## TASK TO COMPLETE
In the data below, reproduce everything exactly except the images.

## THE DATA
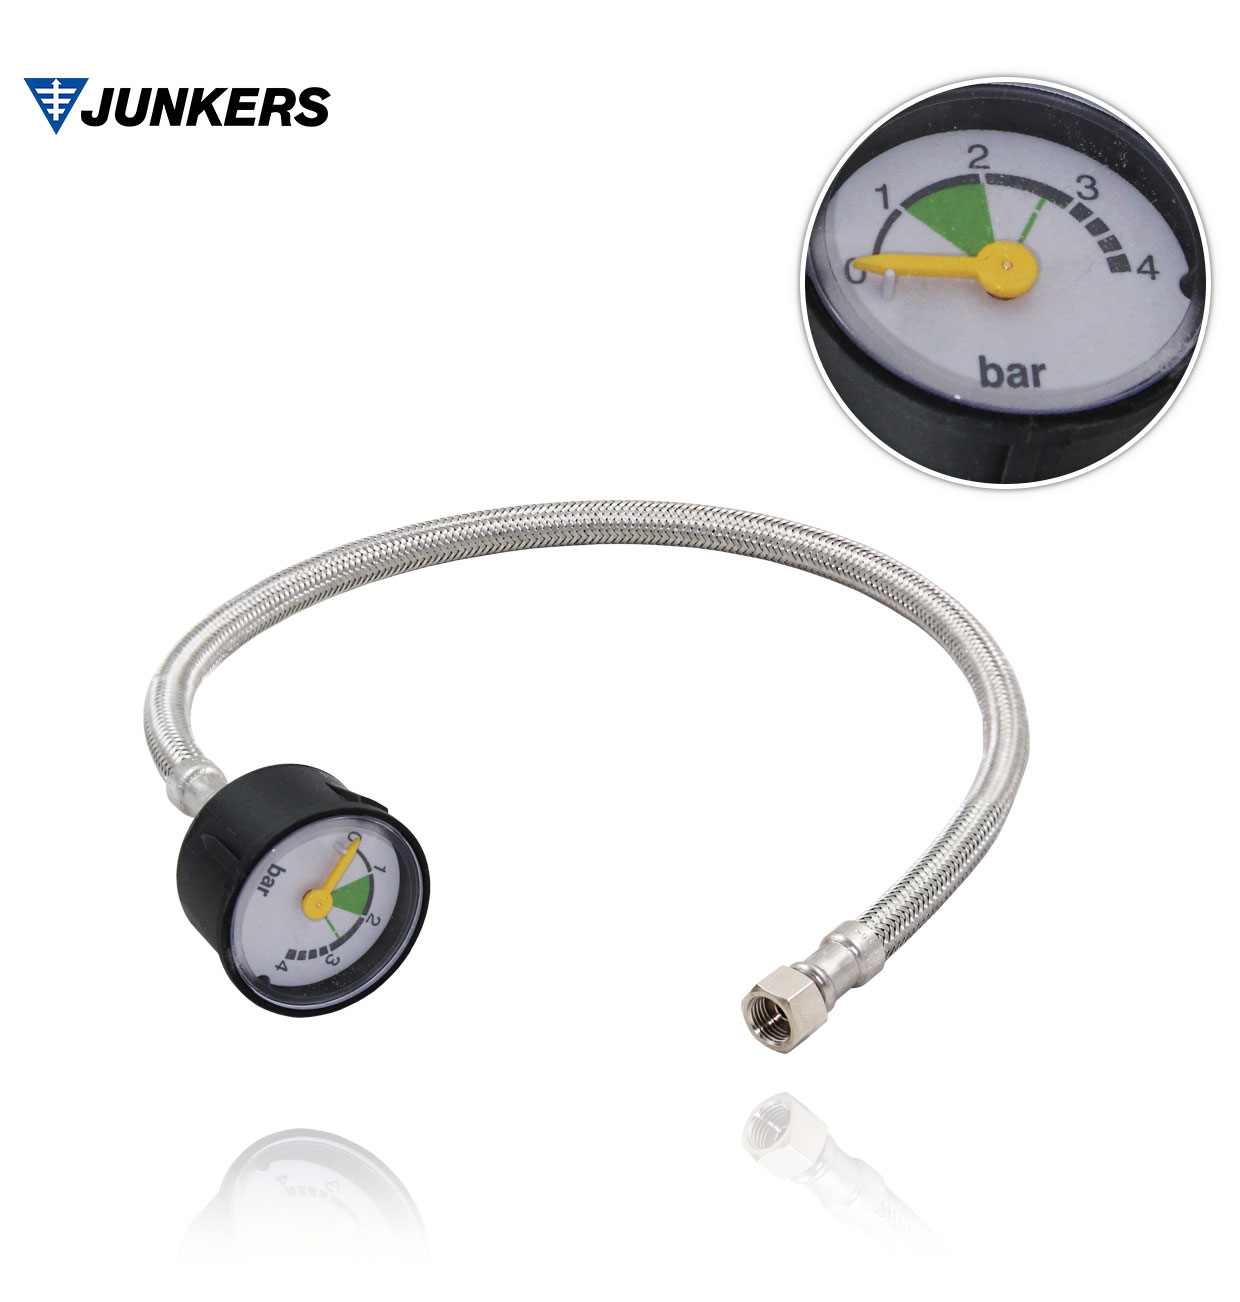 JUNKERS 8707208004 MANOMETER WITH HOSE
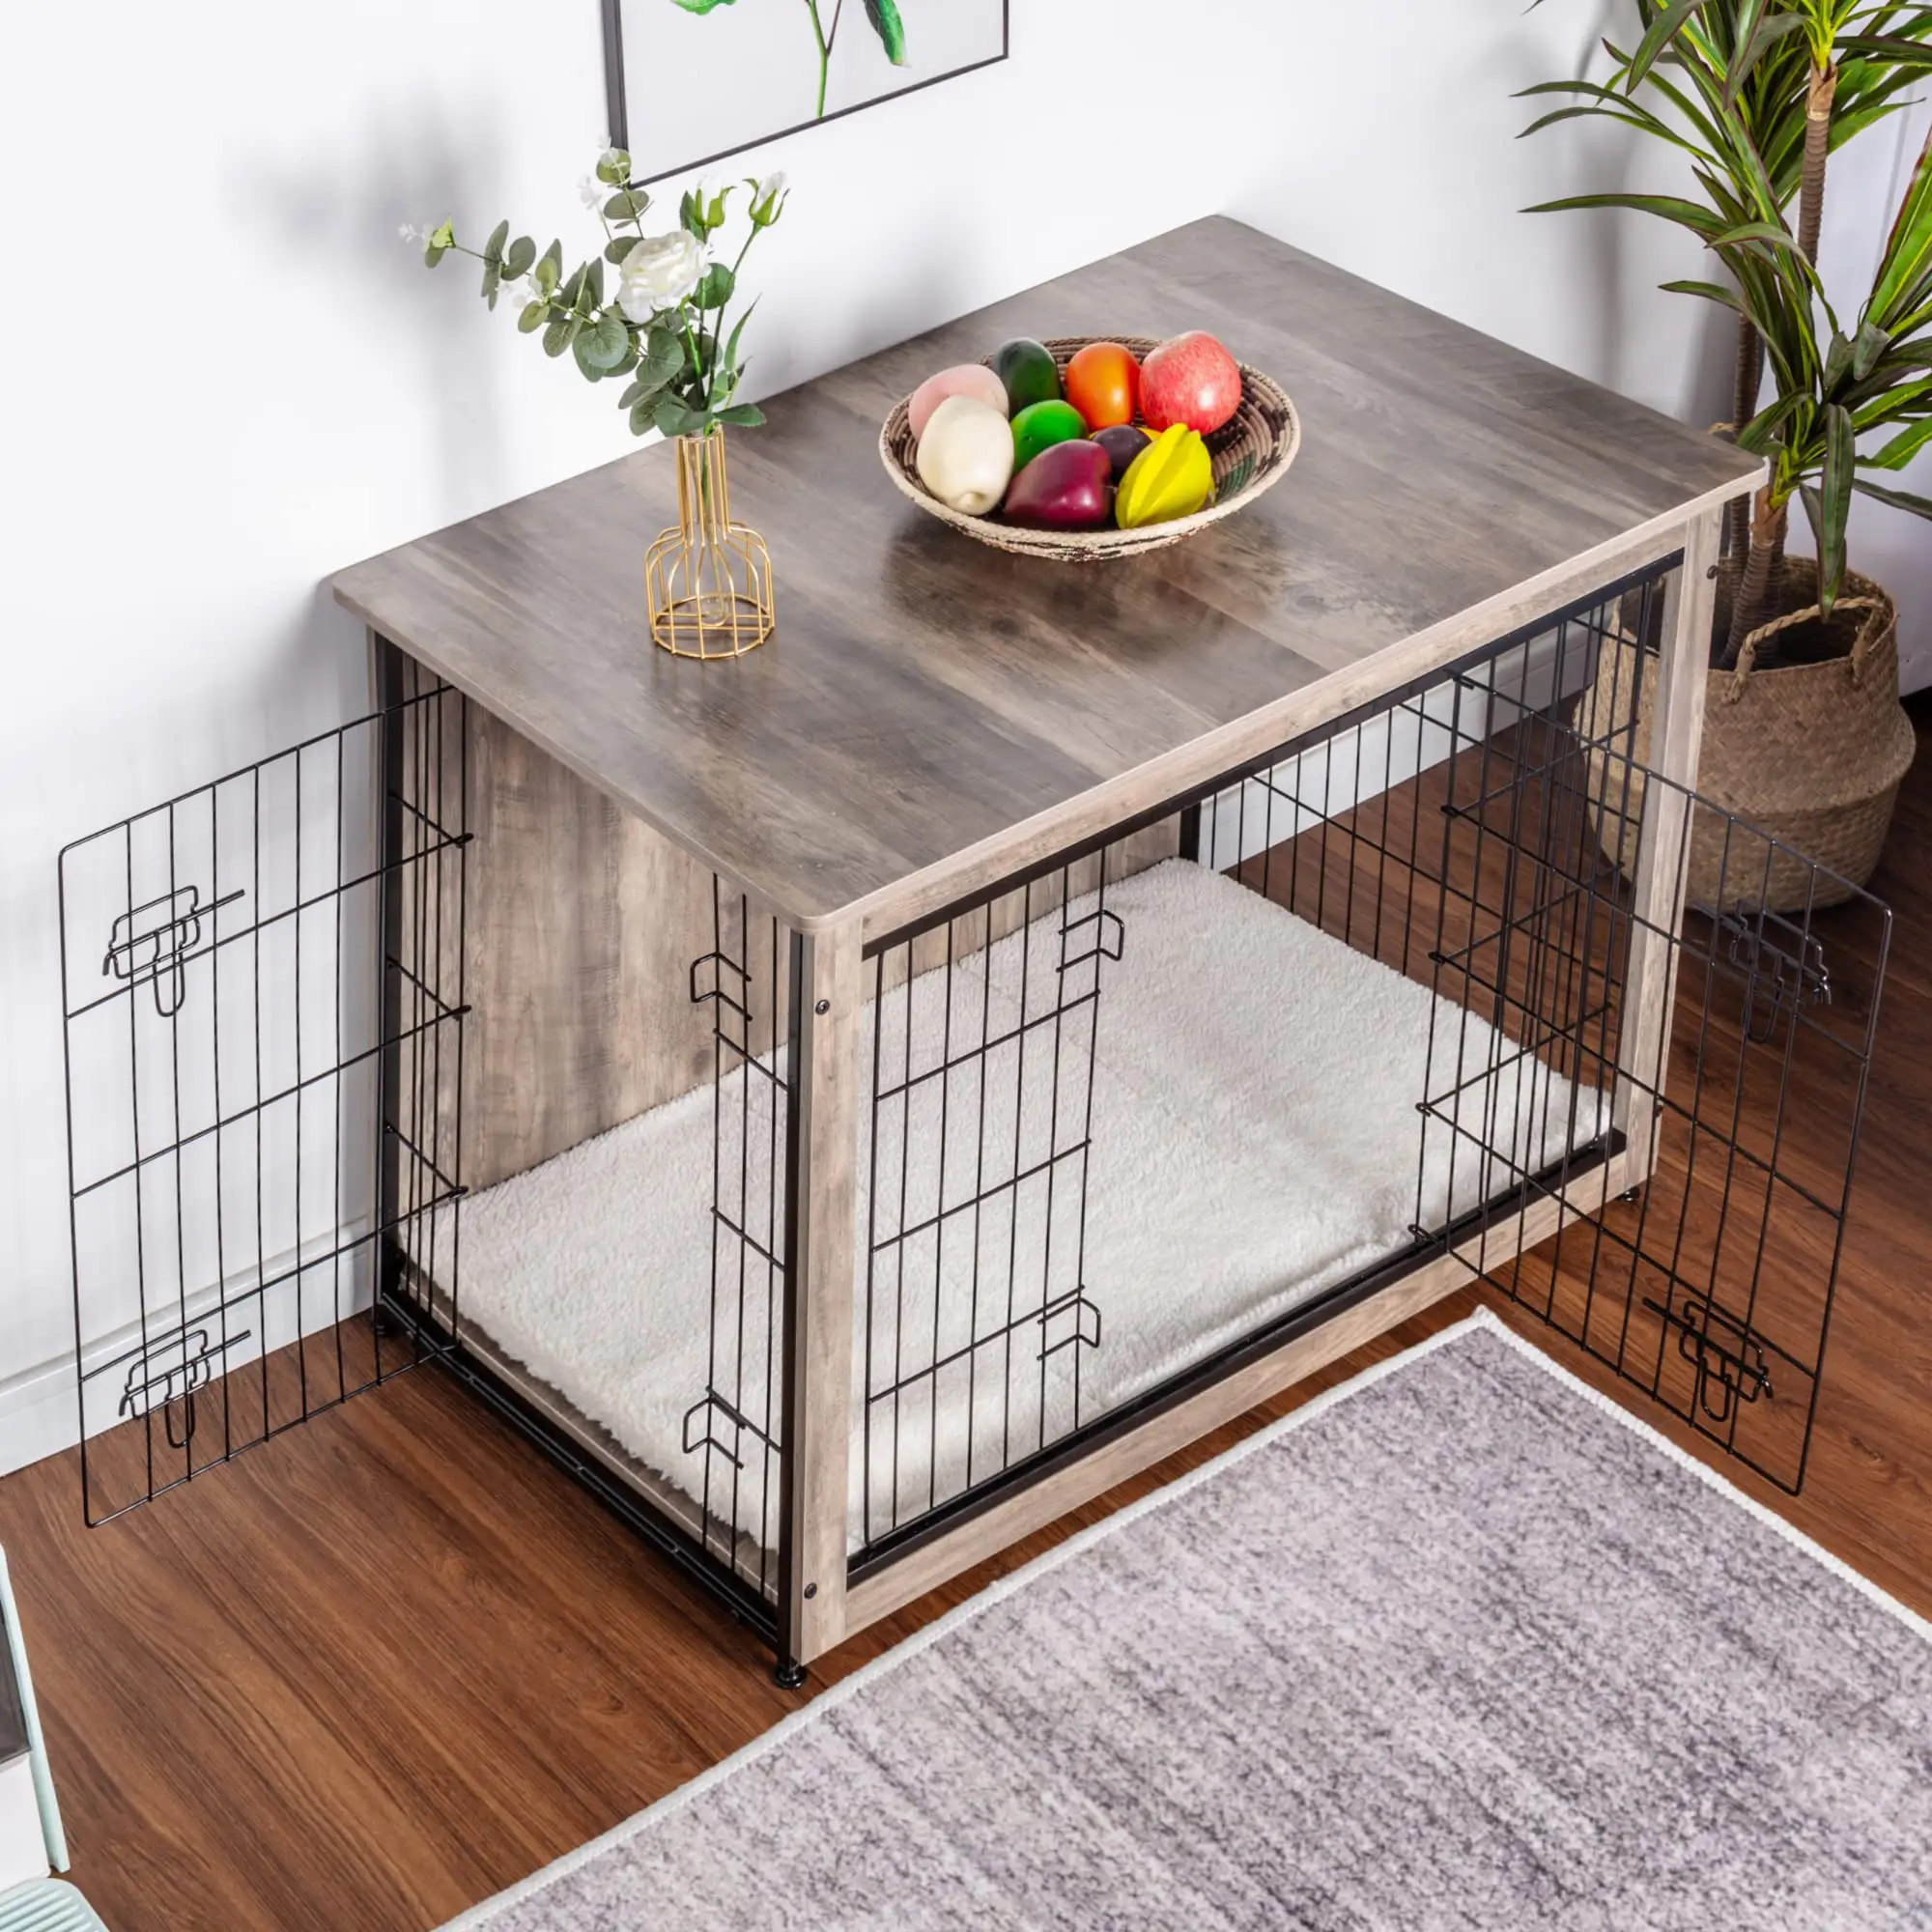 Hot Selling Luxury Portable Small Pet House Crate Solid Wood Mobile Dog Cage Indoor and Outdoor Kennel with Animal Pattern
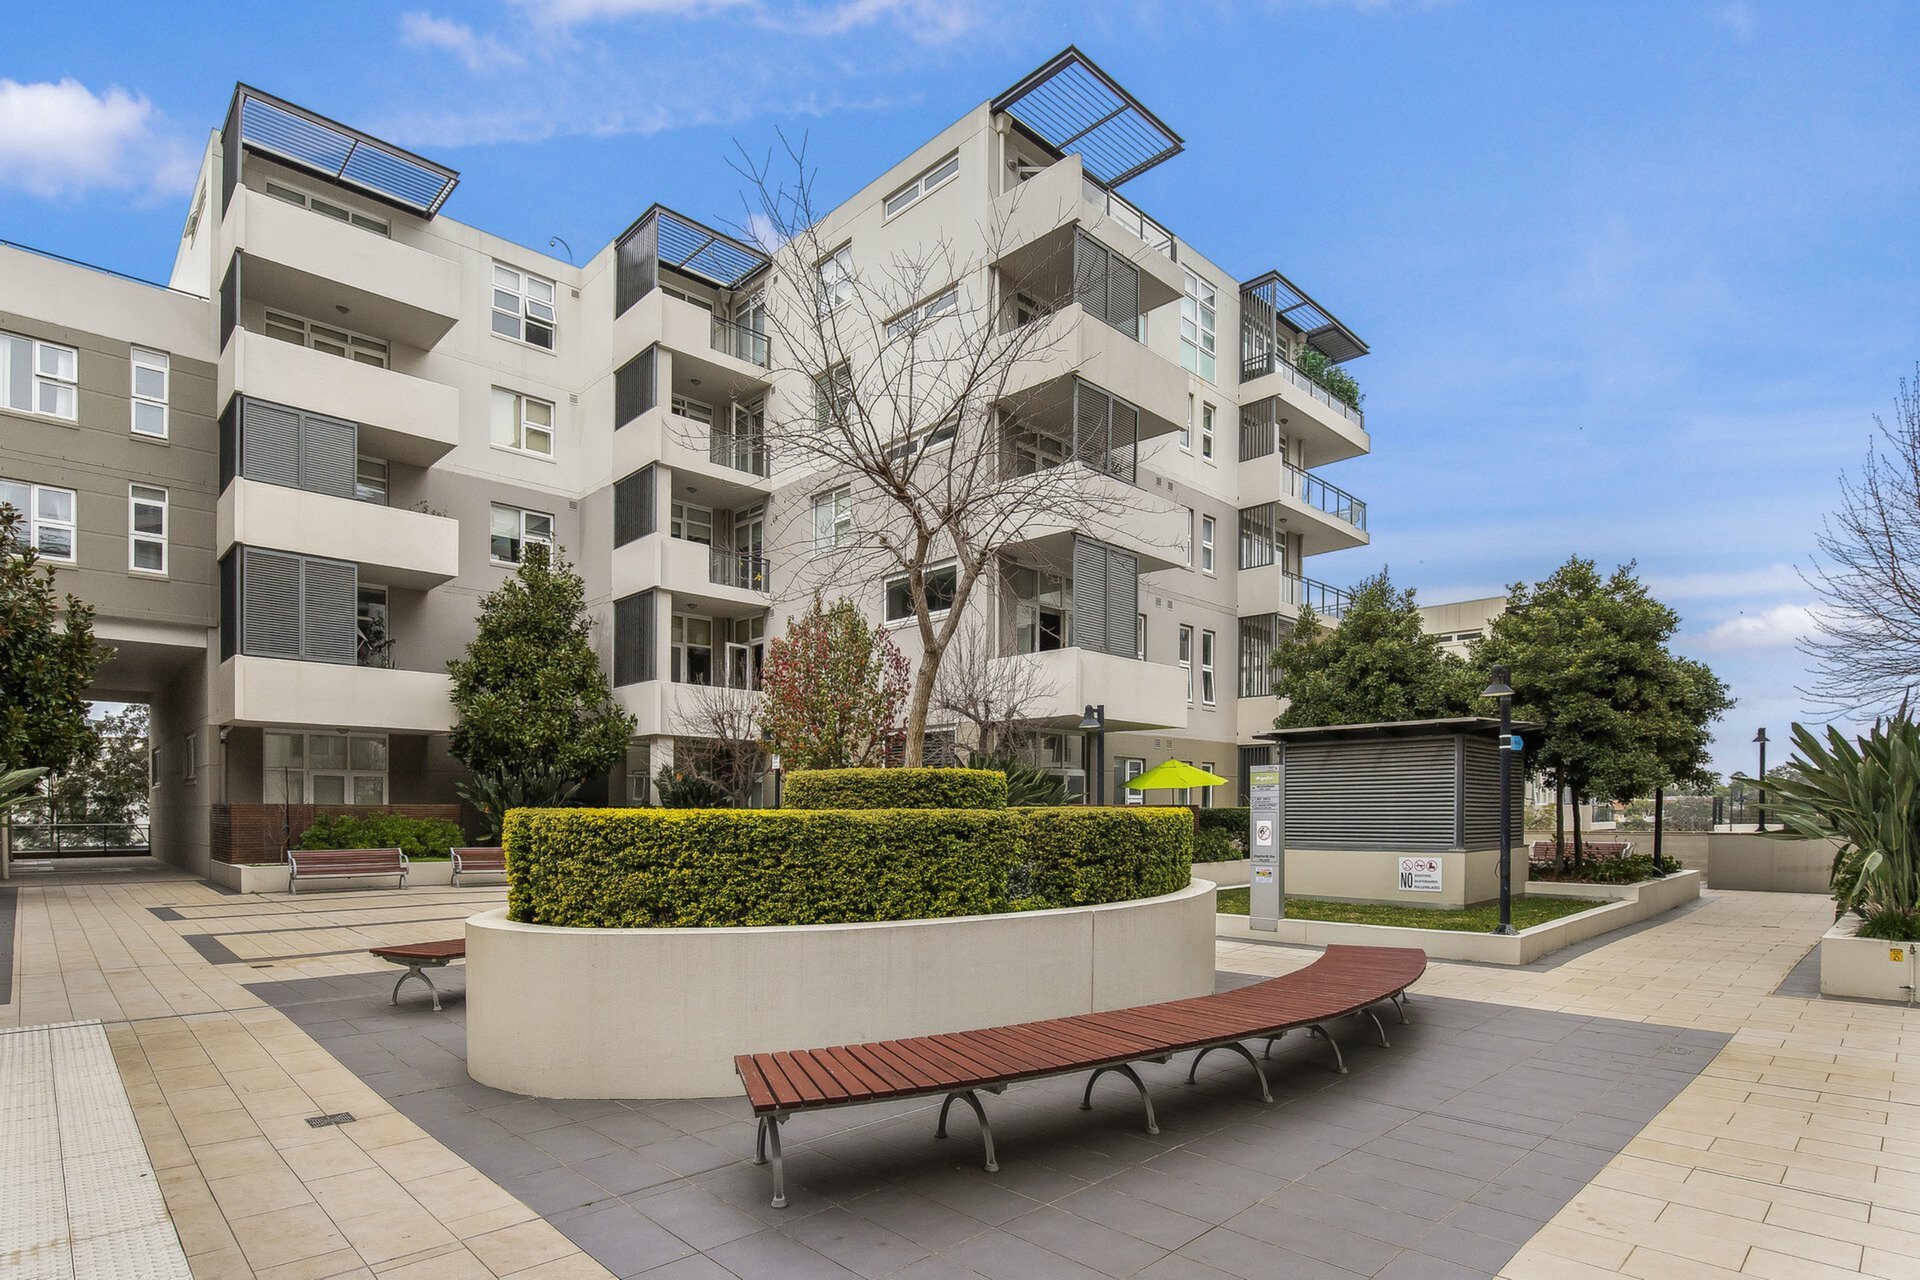 8/25 Angas Street, Meadowbank Sold by Cassidy Real Estate - image 1

## EXERCISE ANSWER
 JUNKERS 8707208004 MANOMETER WITH HOSE
 Hot Selling Luxury Portable Small Pet House Crate Solid Wood Mobile Dog Cage Indoor and Outdoor Kennel with Animal Pattern
 8/25 Angas Street, Meadowbank Sold by Cassidy Real Estate - image 1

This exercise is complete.